Because the UUIDs have not been bumped.

Because you had the bad idea to be smarter than DRBD
and help it detach while it was detaching,
thereby blocking it for 121 seconds,
which also caused it to declare the peer unresponsive,
and made it impossible to notify it about the event.

Because we did not anticipate that you would block the worker,
and did call the handler before we notify the peer.

And because we did not anticipate a suspended diskless primary
to connect to a Secondary without previously bumped UUIDs.

Because you used disk-timeout, which is documented as don't use,
and because it triggered when it should not have.
But if it had triggered for a reason, the outcome would have been the same.

So a few BUGs on the side of DRBD in code paths that would not have been
reached, if you had not blocked the worker for two minutes, trying to
do something that DRBD was just about to do you.

> Jan 16 12:22:03 primary kernel: block drbd2: conn( Connected -> WFBitMapS ) disk( Negotiating -> UpToDate ) pdsk( UpToDate -> Consistent )
> Jan 16 12:22:03 primary kernel: block drbd2: Congestion-fill threshold reached
> Jan 16 12:22:03 primary kernel: block drbd2: conn( WFBitMapS -> Ahead )
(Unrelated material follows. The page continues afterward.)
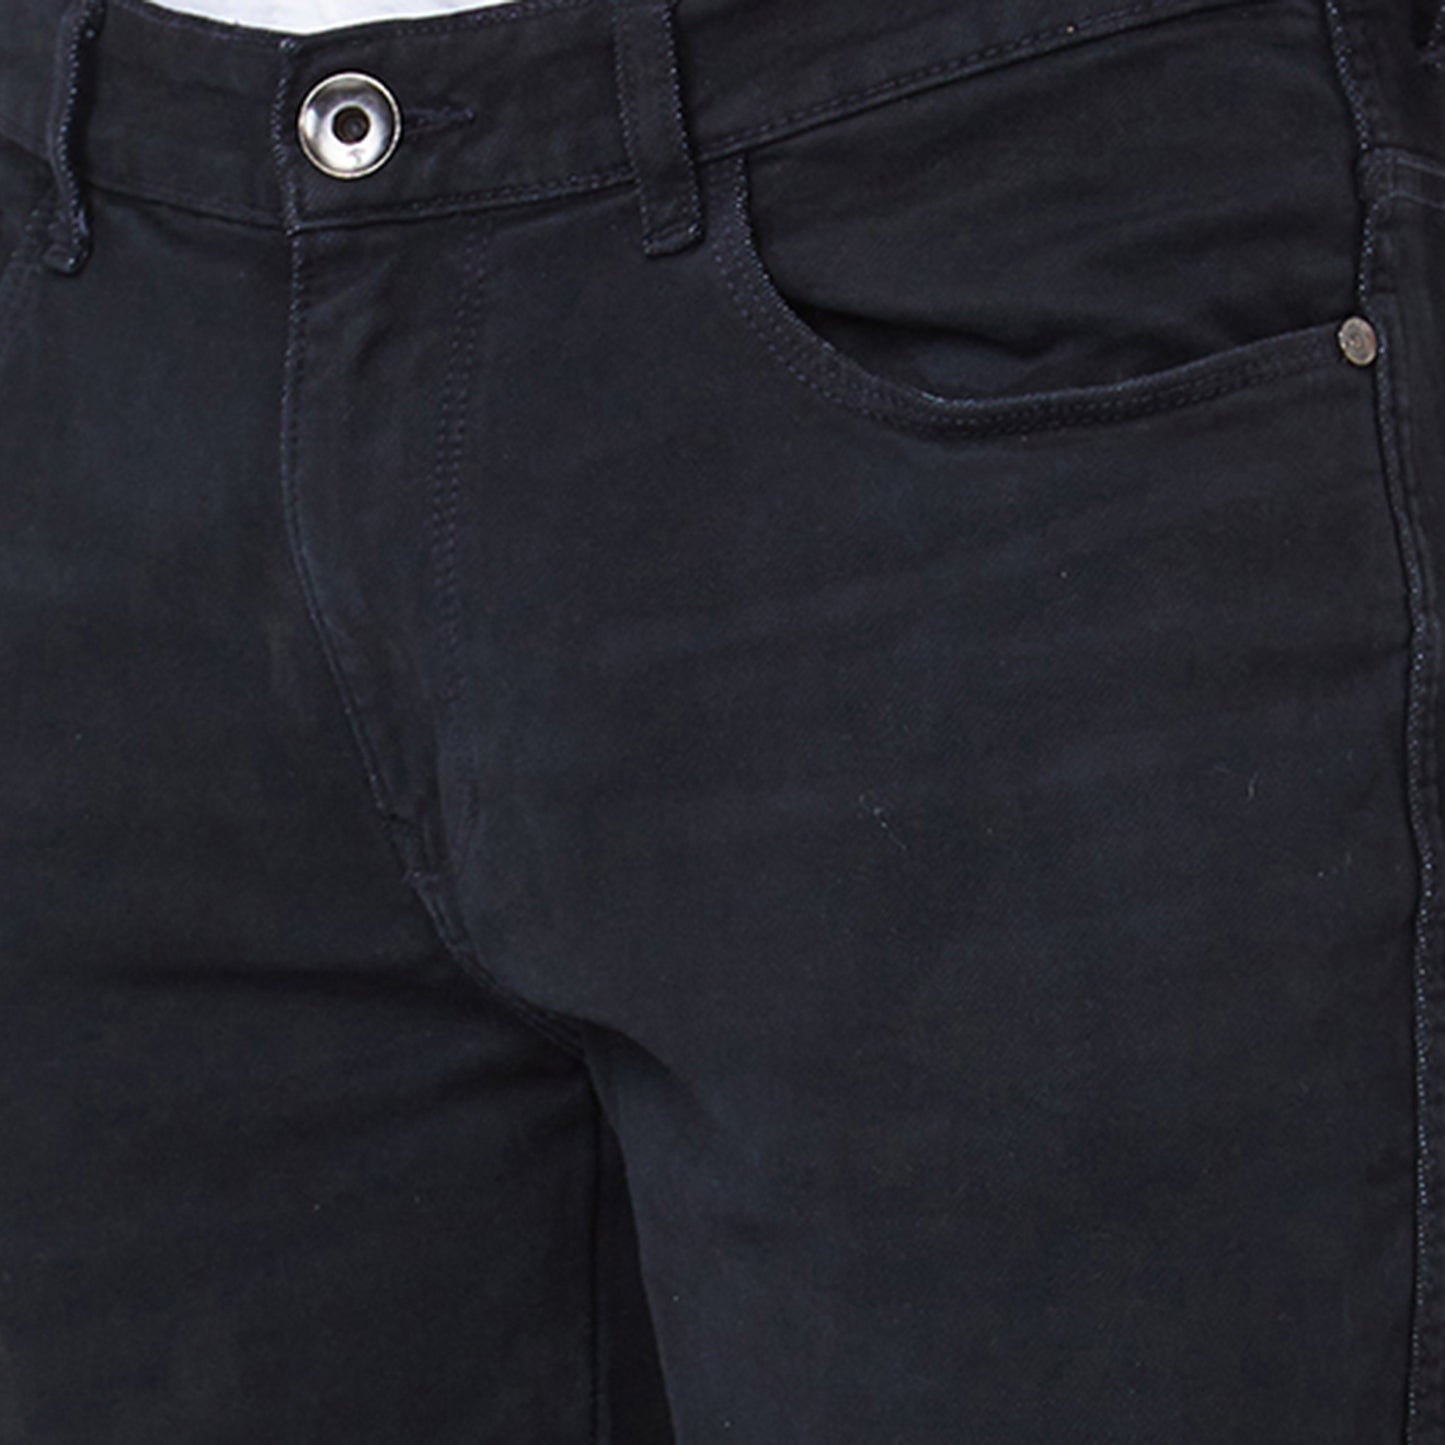 Men's Casual Denim Regular Fit Stretch Jeans
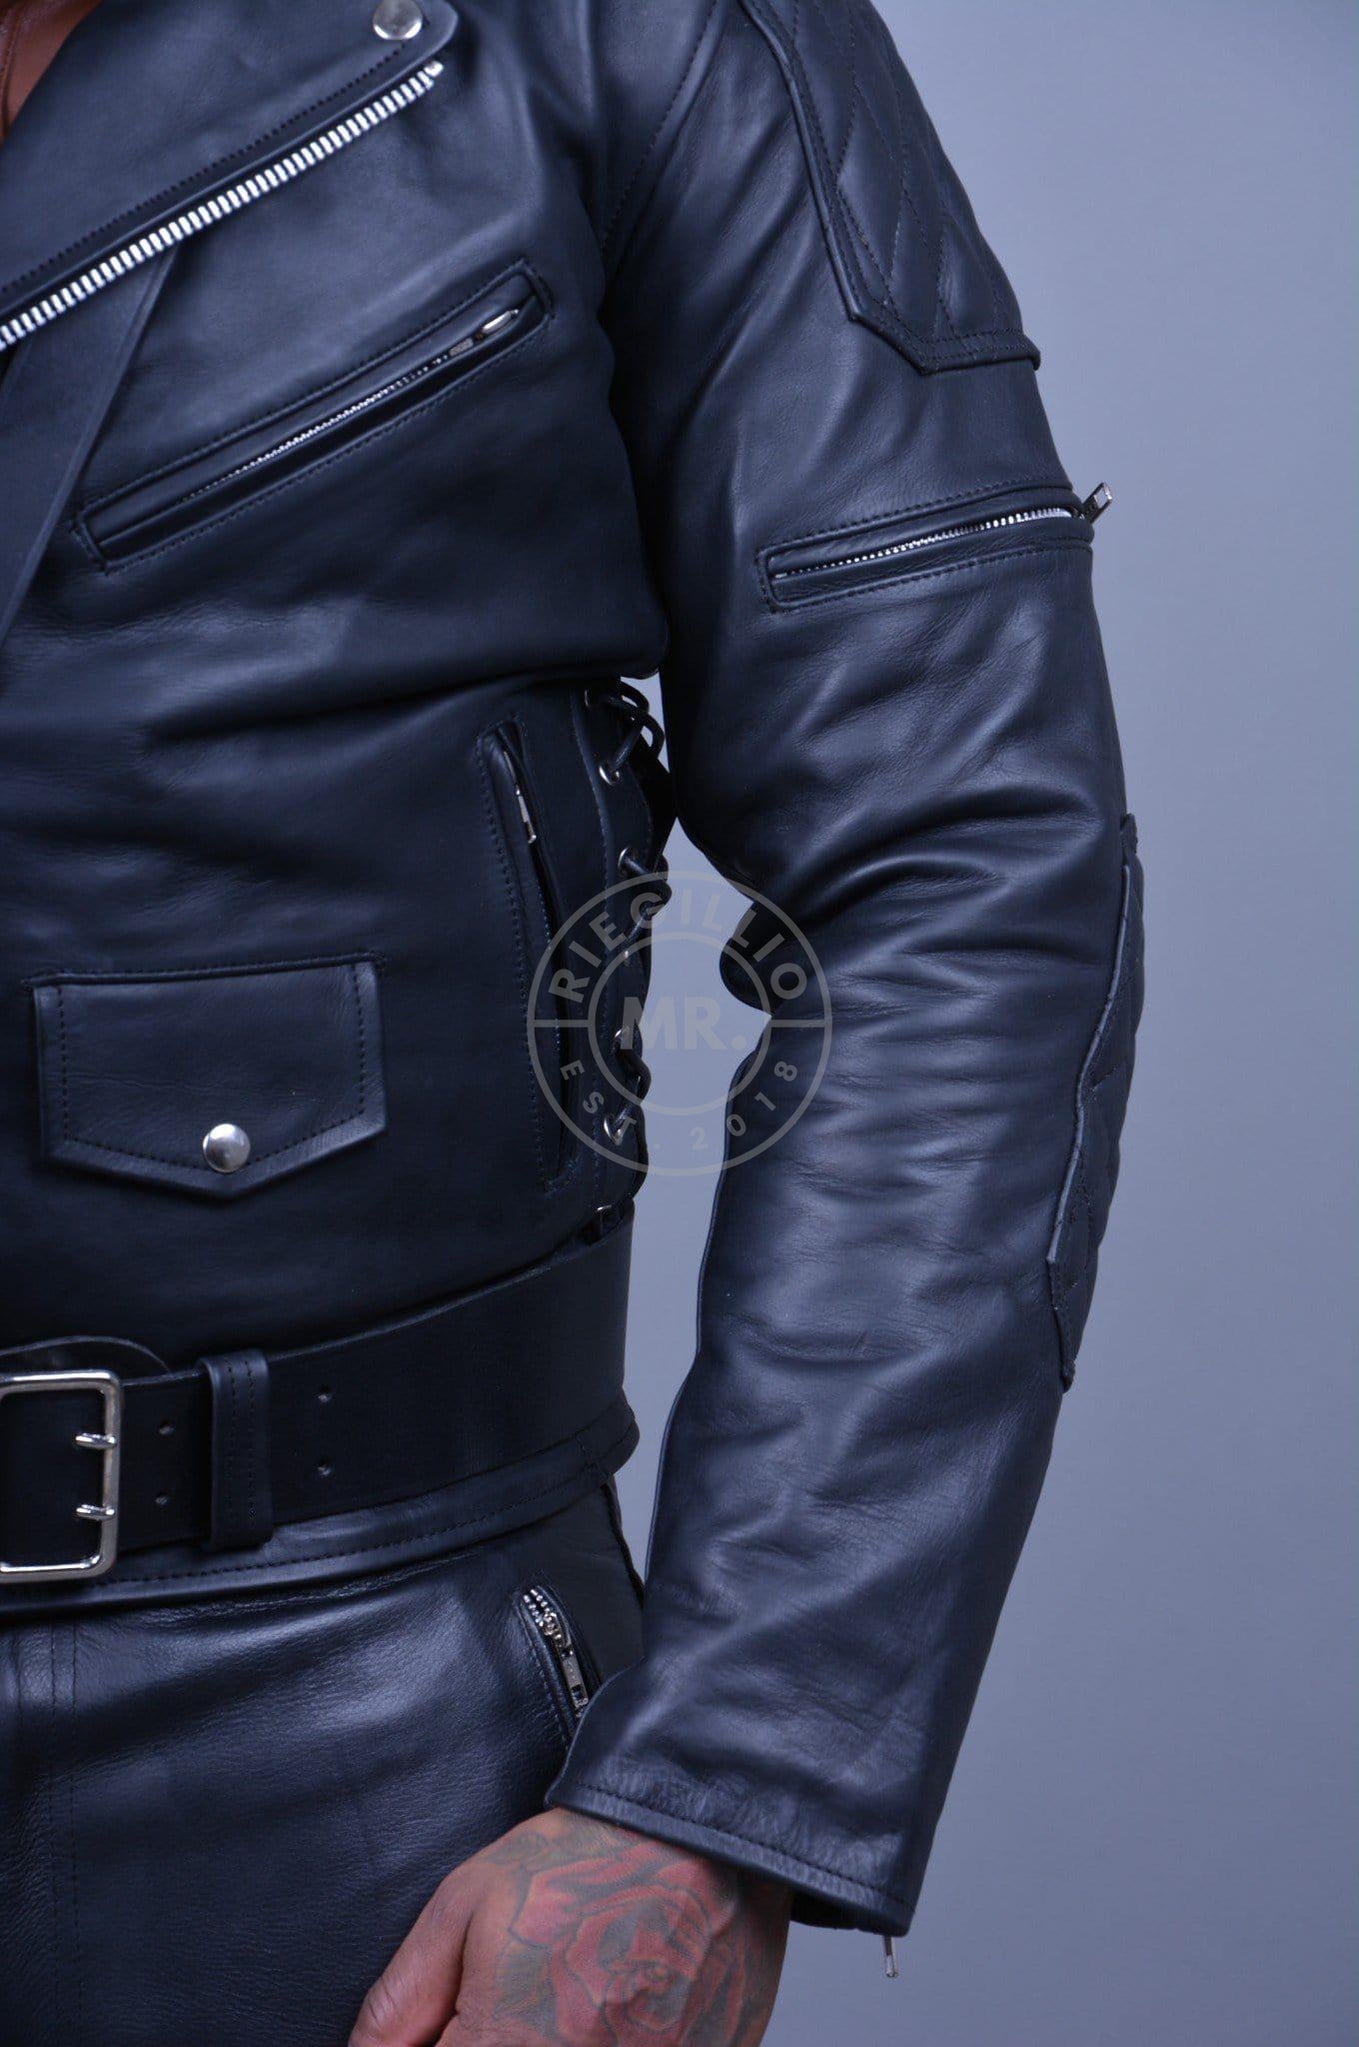 Leather Uniform Jacket at MR. Riegillio

Uh.  Interesting state change.

> Jan 16 12:22:03 primary kernel: block drbd2: send bitmap stats [Bytes(packets)]: plain 0(0), RLE 4846(2), total 4846; compression: 99.9%
>  
> Now the disks stay in this state, the sync is actually not starting:

No, it went "Ahead" already.

> [root at primary] # cat /proc/drbd
> version: 8.4.5 (api:1/proto:86-101)
> GIT-hash: 1d360bde0e095d495786eaeb2a1ac76888e4db96 build by phil at Build64R6, 2014-10-28 10:32:53
>  
> 1: cs:Connected ro:Primary/Secondary ds:UpToDate/UpToDate A r-----
>     ns:48488816 nr:0 dw:106632540 dr:213443889 al:24231 bm:0 lo:0 pe:0 ua:0 ap:0 ep:1 wo:f oos:0
> 2: cs:Ahead ro:Primary/Secondary ds:UpToDate/Consistent A r-----
>     ns:0 nr:0 dw:564028 dr:163202 al:52275 bm:0 lo:0 pe:0 ua:0 ap:0 ep:1 wo:f oos:5190228
> 3: cs:Connected ro:Primary/Secondary ds:UpToDate/UpToDate A r-----
>     ns:13699098 nr:0 dw:34361764 dr:248373080 al:3374 bm:0 lo:0 pe:0 ua:0 ap:0 ep:1 wo:f oos:0
>  
> [root at secondary] # cat /proc/drbd
> version: 8.4.5 (api:1/proto:86-101)
> GIT-hash: 1d360bde0e095d495786eaeb2a1ac76888e4db96 build by phil at Build64R6, 2014-10-28 10:32:53
>  
> 1: cs:Connected ro:Secondary/Primary ds:UpToDate/UpToDate A r-----
>     ns:0 nr:49240716 dw:61104624 dr:176250476 al:0 bm:0 lo:0 pe:0 ua:0 ap:0 ep:1 wo:f oos:0
> 2: cs:Behind ro:Secondary/Primary ds:Outdated/UpToDate A r-----
>     ns:53230 nr:46356310 dw:48639878 dr:55173318 al:886 bm:0 lo:0 pe:0 ua:0 ap:0 ep:1 wo:f oos:5241020
> 3: cs:Connected ro:Secondary/Primary ds:UpToDate/UpToDate A r-----
>     ns:0 nr:21494090 dw:21494090 dr:195651772 al:0 bm:0 lo:0 pe:0 ua:0 ap:0 ep:1 wo:f oos:0
>  
> With both nodes sure, that primary is UpToDate!
> Recognizing the problem, I started shutting down services and copying
> all the data (whatever it was) off the drbd partitions…somewhere along
> the copying, maybe the WAN link failed or something else happened,

It probably just became quiet enough to drop out of "Ahead"...

> drbd started resyncing:

Whatever.  Everything after this is no longer interesting.
The real issue was that it did not bump the UUID when it should have.
Because you blocked it.

> There’s nothing in the logs of the Secondary to indicate any disk problems around 10:22:

If it had been notified, it had bumped its UUIDs.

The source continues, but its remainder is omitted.